In Python 3 the following will work. I am using the lower level http.client from the standard library. Also check out section 2 of rfc2617 for details of basic authorization. This code won't check the certificate is valid, but will set up a https connection. See the http.client docs on how to do that.
from http.client import HTTPSConnection
from base64 import b64encode
# Authorization token: we need to base 64 encode it
# and then decode it to acsii as python 3 stores it as a byte string
def basic_auth(username, password):
token = b64encode(f"{username}:{password}".encode('utf-8')).decode("ascii")
return f'Basic {token}'
username = "user_name"
password = "password"
#This sets up the https connection
c = HTTPSConnection("www.google.com")
#then connect
headers = { 'Authorization' : basic_auth(username, password) }
c.request('GET', '/', headers=headers)
#get the response back
res = c.getresponse()
# at this point you could check the status etc
# this gets the page text
data = res.read()
Use the power of Python and lean on one of the best libraries around: requests
import requests
r = requests.get('https://my.website.com/rest/path', auth=('myusername', 'mybasicpass'))
print(r.text)
Variable r (requests response) has a lot more parameters that you can use. Best thing is to pop into the interactive interpreter and play around with it, and/or read requests docs.

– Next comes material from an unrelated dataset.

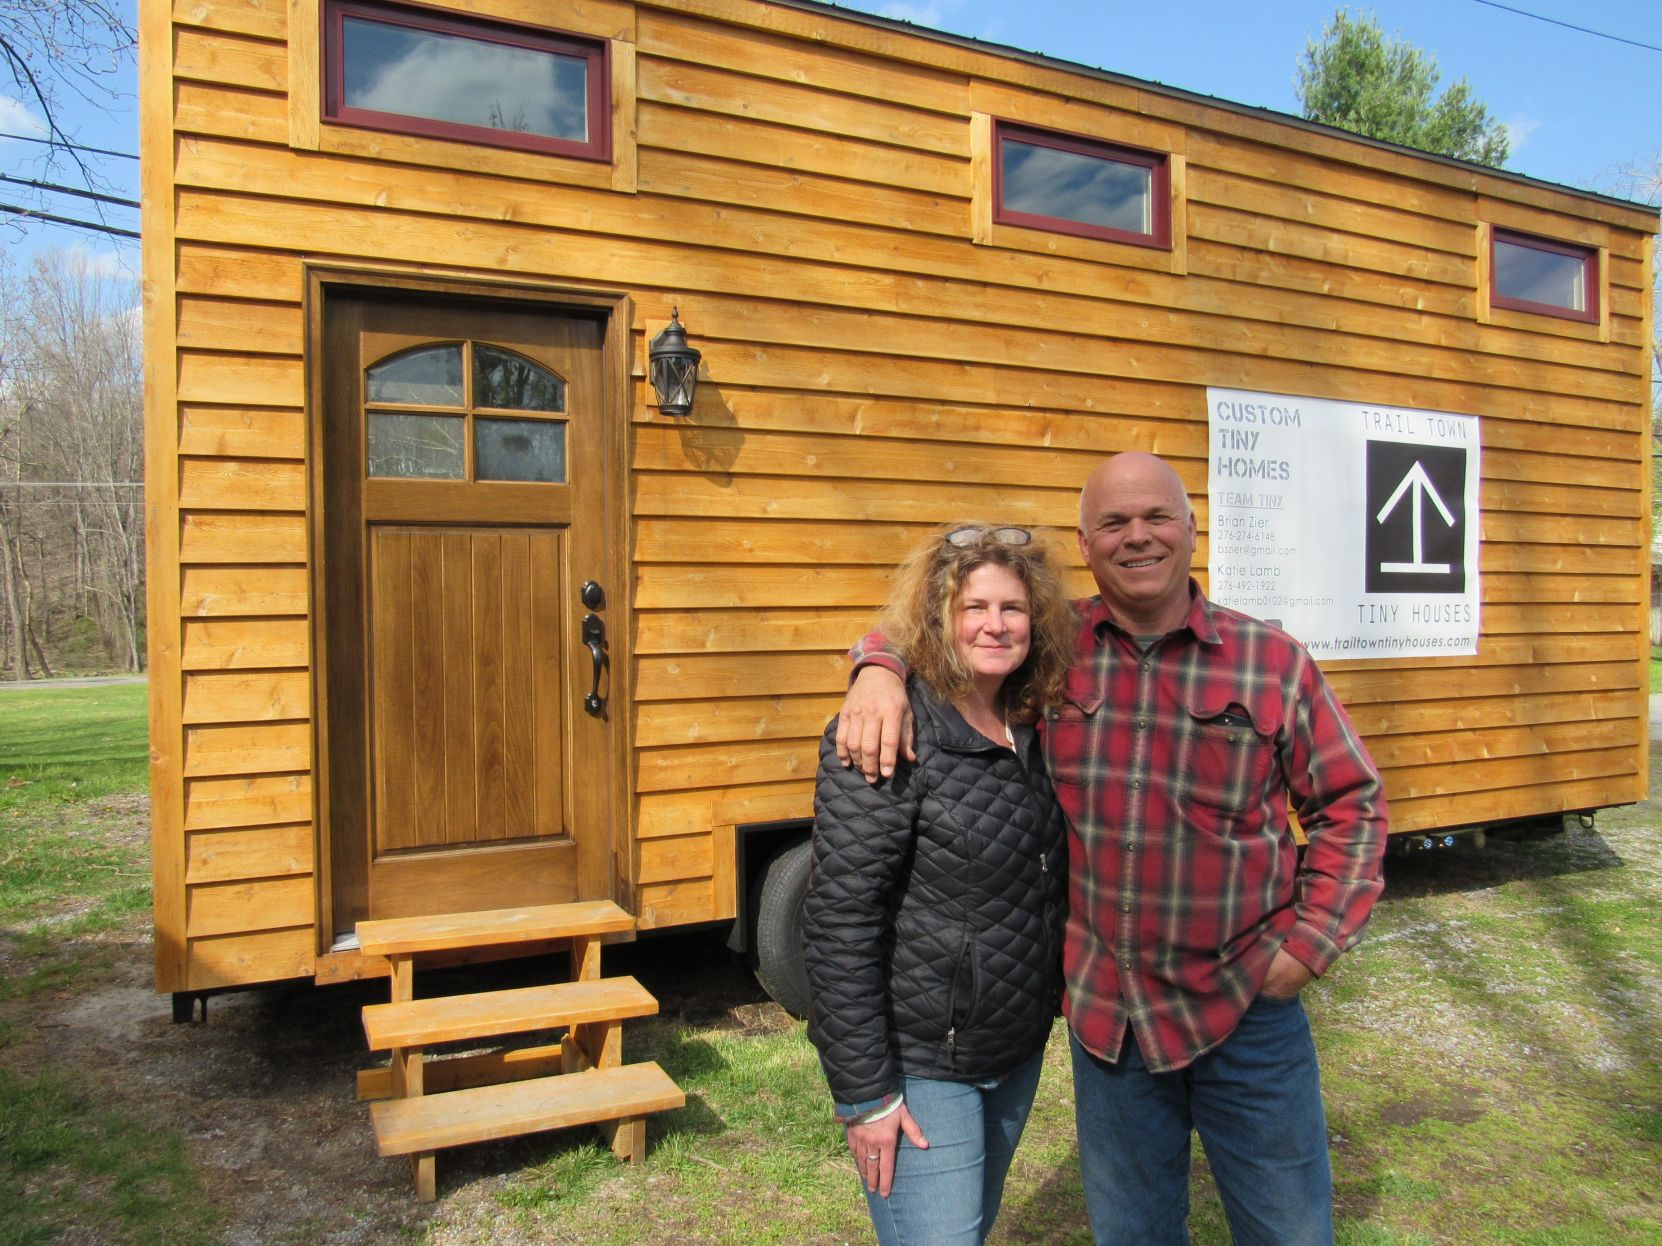 big dreams damascus couple joins tiny house movement news rh heraldcourier com

ubuntu#hostname:/home/ubuntu$ python3
Python 3.4.3 (default, Oct 14 2015, 20:28:29)
[GCC 4.8.4] on linux
Type "help", "copyright", "credits" or "license" for more information.
>>> import requests
>>> r = requests.get('https://my.website.com/rest/path', auth=('myusername', 'mybasicpass'))
>>> dir(r)
['__attrs__', '__bool__', '__class__', '__delattr__', '__dict__', '__dir__', '__doc__', '__eq__', '__format__', '__ge__', '__getattribute__', '__getstate__', '__gt__', '__hash__', '__init__', '__iter__', '__le__', '__lt__', '__module__', '__ne__', '__new__', '__nonzero__', '__reduce__', '__reduce_ex__', '__repr__', '__setattr__', '__setstate__', '__sizeof__', '__str__', '__subclasshook__', '__weakref__', '_content', '_content_consumed', 'apparent_encoding', 'close', 'connection', 'content', 'cookies', 'elapsed', 'encoding', 'headers', 'history', 'iter_content', 'iter_lines', 'json', 'links', 'ok', 'raise_for_status', 'raw', 'reason', 'request', 'status_code', 'text', 'url']
>>> r.content
b'{"battery_status":0,"margin_status":0,"timestamp_status":null,"req_status":0}'
>>> r.text
'{"battery_status":0,"margin_status":0,"timestamp_status":null,"req_status":0}'
>>> r.status_code
200
>>> r.headers
CaseInsensitiveDict({'x-powered-by': 'Express', 'content-length': '77', 'date': 'Fri, 20 May 2016 02:06:18 GMT', 'server': 'nginx/1.6.3', 'connection': 'keep-alive', 'content-type': 'application/json; charset=utf-8'})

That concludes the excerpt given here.